The Arkansas Negro Boys' Industrial School (1927–1968) was a juvenile correctional facility for black male youth in Arkansas. There were two locations in 1936, one in Jefferson County and one in Wrightsville 10 mi southeast of Little Rock. A fire in 1959 at the children's dormitory killed 21 victims. According to a 1967 lawsuit, the one in Jefferson County near Pine Bluff was known as White Boys School and held whites.

==Prelude==
The NBIS mission was to place children – who would otherwise have been sent to adult prisons – on its working cotton farm, and the first superintendent was Dr. Tandy Washington Coggs. As of March 1959, the Wrightsville school had 69 boys aged between 13 and 17. According to "Negro superintendent of the reform school" L. R. Gaines, "most of the boys in the dormitory were in for minor offenses such as hubcap stealing, or because their parents had split and there was no place for them to go." The boys lived in a 1936 Works Progress Administration building described by Time as "rickety". Governor of Arkansas Orval Faubus (perhaps best known for his role in the Little Rock school segregation fight) visited the school in January 1958, saying "They really need help. They are using some old wood stoves which should be replaced", but Faubus had in fact reduced the budget by $7,100. Graduate student Gordon D. Morgan wrote a report in which he stated, "Many boys go for days with only rags for clothes ... More than half of them wear neither socks nor underwear during [the winter] of 1955-56".

==Fire==
In the pre-dawn morning of March 5, 1959, a fire was set in the dormitory of the Wrightsville facility. Arthur Ray Poole, aged 16, one of two inmate "sergeants" with minor responsibility, smelled the smoke. Police never investigated to determine who or what may have caused the fire, although many claims have been made. The doors had been locked into the dormitory, and the windows covered with "heavy gauge wire mesh", making escape nearly impossible. It is noted that the equivalent school for white children did not have a protocol of locking their doors. O. F. "Charley" Meadows, a 16-year-old night sergeant, helped in breaking open one window, allowing for egress. Forty-eight boys managed to escape, while 21 burned to death.

==Aftermath==
The families of the deceased said that authorities told them that 14 of the dead boys were wrapped in newspapers and deposited in an unmarked grave. The gravesite is located at Haven of Rest Cemetery in Little Rock, Arkansas. There was nothing to denote that the children buried there until 2018 when a plaque was donated to the site. On the 50th anniversary of the fire, some families of the dead held a press conference at the Arkansas State Capitol.

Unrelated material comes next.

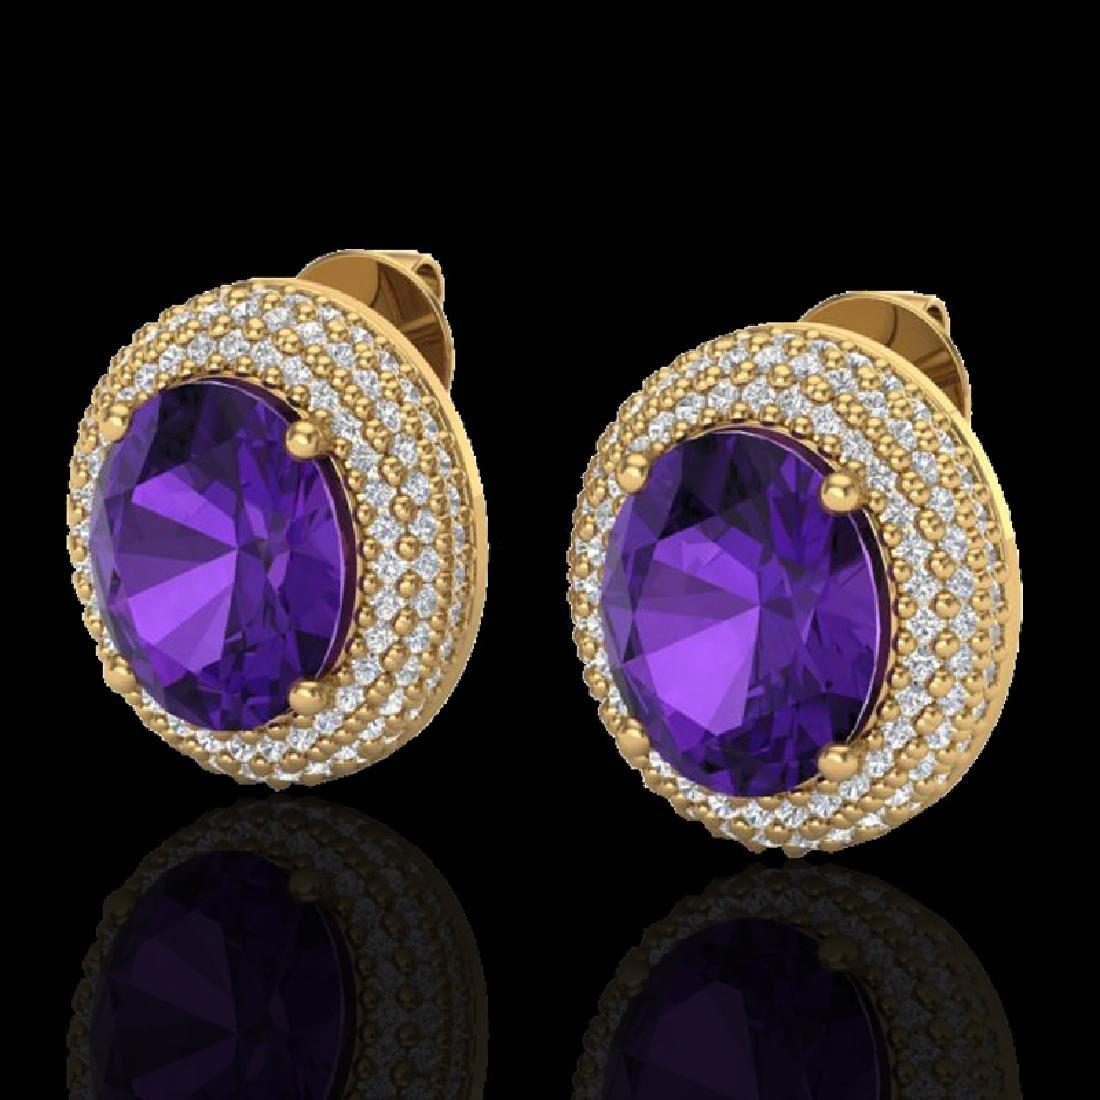 8 CTW Amethyst & Micro Pave VS/SI Diamond Earrings 18K
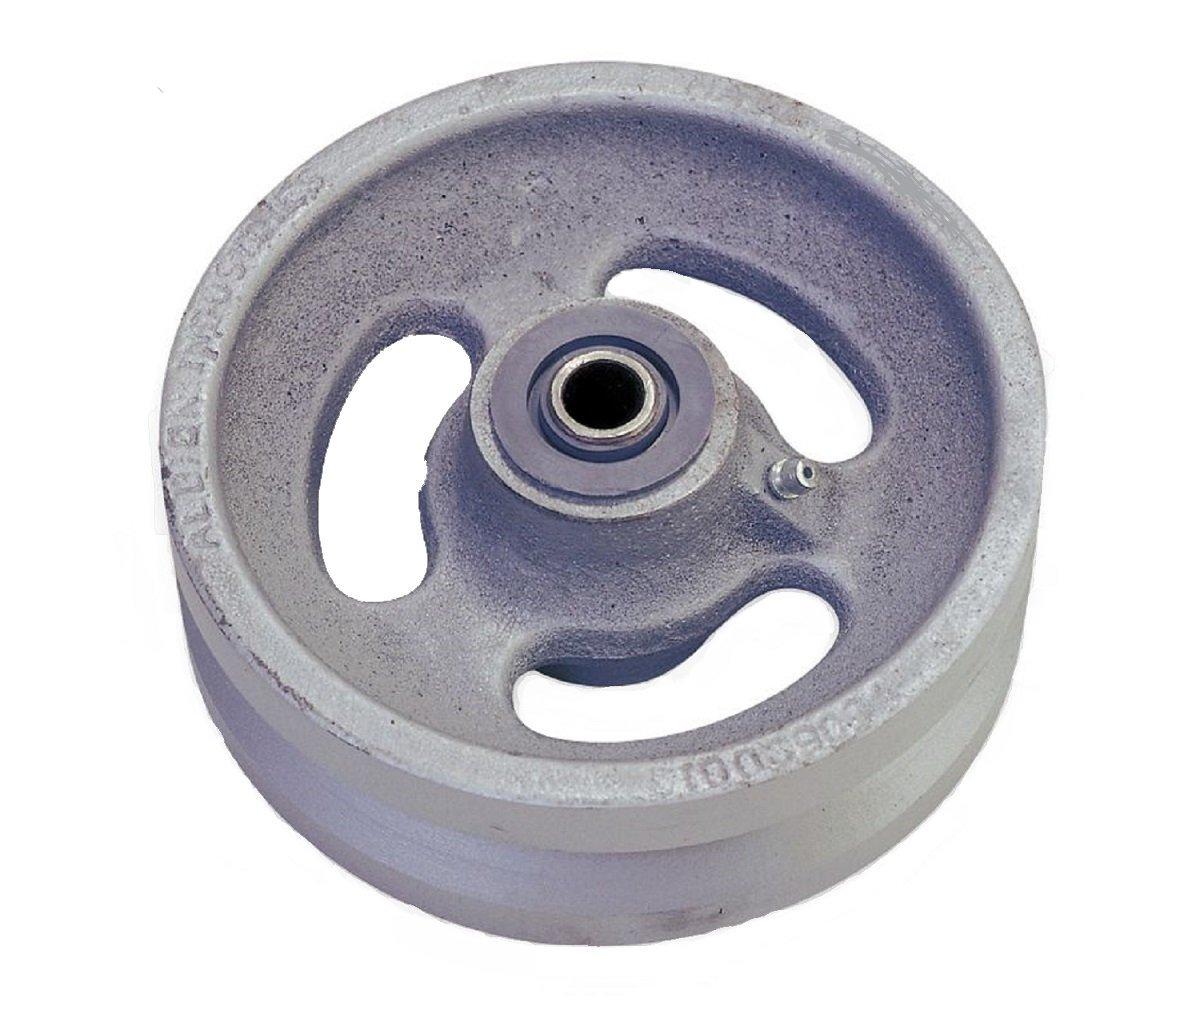 Albion VG0620112 6'' Cast Iron V-Groove Caster Wheel, 2'' Tread Width, Roller Bearing, 1000 lb. Capacity

Segregationist Governor of Arkansas Orval Faubus asked a committee to investigate the fire. The committee concluded that the correctional facility, the State of Arkansas, and the local community held responsibility for the incident, but recommended no course of action. A Pulaski County grand jury returned no indictments, but stated:

The blame can be placed on lots of shoulders for the tragedy: the Board of Directors, to a certain extent, who might have pointed out through newspaper and other publicity the extreme hazards and plight of the school; the Superintendent and his staff, who perhaps continued to do the best they could in a resigned fashion when they had nothing to do with [it]; the State Administration, one right after another through the past years, who allowed conditions to become so disreputable; the General Assembly of the State of Arkansas, who should have been so ashamed of conditions that they would have previously allowed sufficient money to have these conditions corrected; and finally on the people of Arkansas, who did nothing about it.
A KTHV report said that "somehow the story faded into the backdrop of the Civil Rights Movement." Frank Lawrence, brother of one of the victims, attempted to make a documentary and brought the fire more widespread attention in the early 21st century.

The land once occupied by the unit now houses the Arkansas Department of Correction's Wrightsville Unit. For sixty years, there was no marker or memorial that indicated that the boys school existed or that the fire occurred. On April 25, 2019, a monument to the dead was unveiled at the Wrightsville Unit of the Arkansas Department of Correction.